Patients who were diagnosed with dementia were ineligible for this trial (Fig. 1). Other exclusion criteria included: (i) advanced, severe and unstable disease of any type that could interfere with the efficacy evaluations or put the subject at special risk; (ii) a current diagnosis of major depression according to the Diagnostic and Statistical Manual of Mental Disorders – 4th Edition (DSM-IV) (7) criteria; (iii) a disability that may prevent the subject from completing all study requirements (e.g. blindness, deafness, severe language difficulty); (iv) a known exaggerated pharmacological sensitivity or hypersensitivity to acetylcholinesterase inhibitors or to other cholinergic compounds; (v) ingestion of drugs that could interfere with the results of the trial in the preceding 4 weeks; and (vi) ingesting metrifonate in the preceding 3 months.

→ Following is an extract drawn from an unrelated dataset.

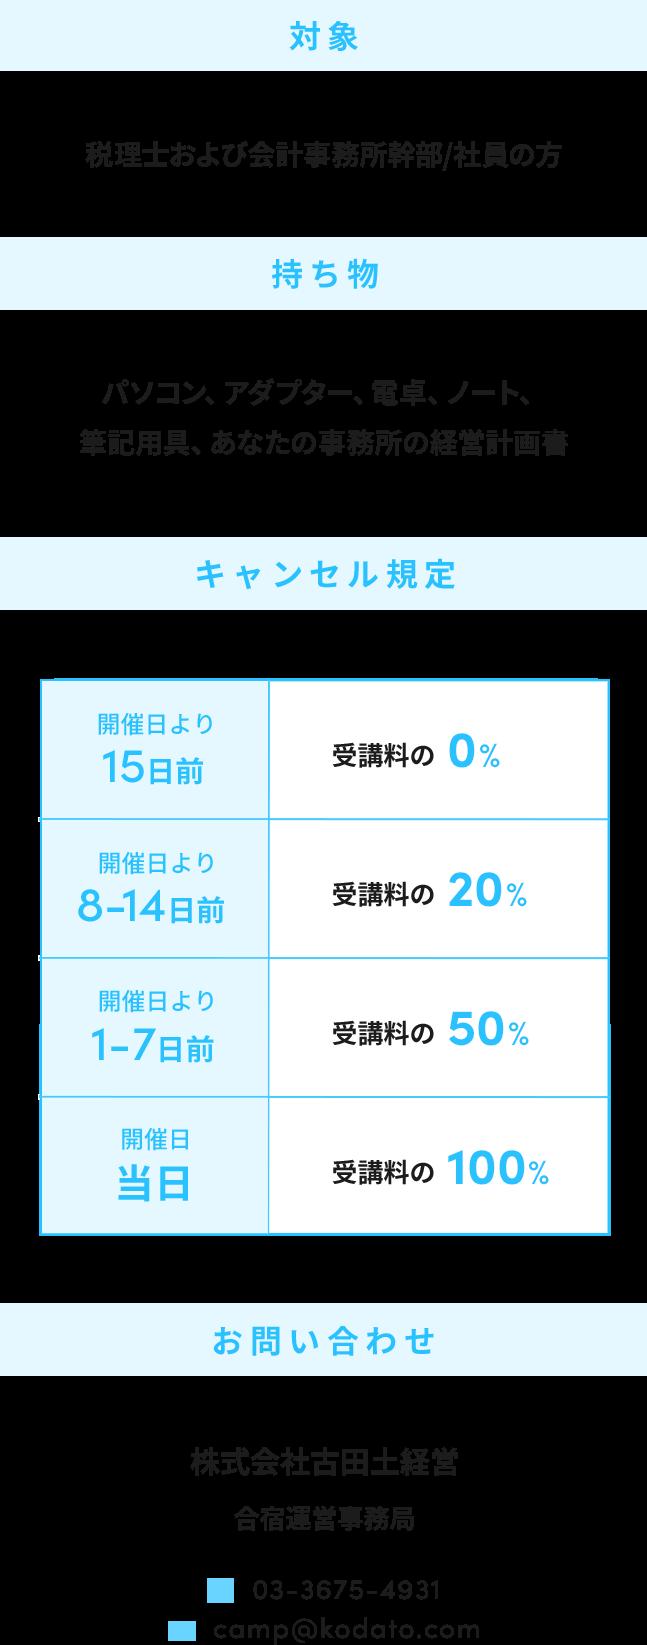 image03-2_sp

Neuropsychological evaluations

The neuropsychological test battery that was used in this study consisted of the Mini Mental State Examination (MMSE) (8), Ten-Point Clock Test (9), Color Trails Test 1 & 2 (10), ADAS-Cog (11), Cognitive Battery, Frontal Assessment Battery (12), AD Cooperative Study Activities of Daily Living (ADCS-ADL) (13) scale for MCI, NPI (14), and Geriatric Depression Scale (GDS) (15). These tests have previously been validated into six domains: attention, language, verbal memory, visual memory, visuoconstruction, and visuomotor speed.

Procedures

Randomization –  All eligible patients were given a randomization number that assigned them to either treatment or placebo. Randomization was performed in blocks of 4 using a randomization list that was produced by the pharmaceutical company’s supply management using a validated system that automates the random assignment of treatment groups to randomization numbers in the specified ratio. The randomization scheme was reviewed by a Biostatistics Quality Assurance Group and locked by them after approval. At randomization, all patients who fulfilled all the inclusion/exclusion criteria were given the lowest available number on the randomization list and received the first dose of 1.5 mg rivastigmine/placebo at baseline. A trial coordinator blind to the treatment allocation randomized each patient. The patient, psychologist, trial coordinator, clinicians and investigators were blinded to the treatment allocation.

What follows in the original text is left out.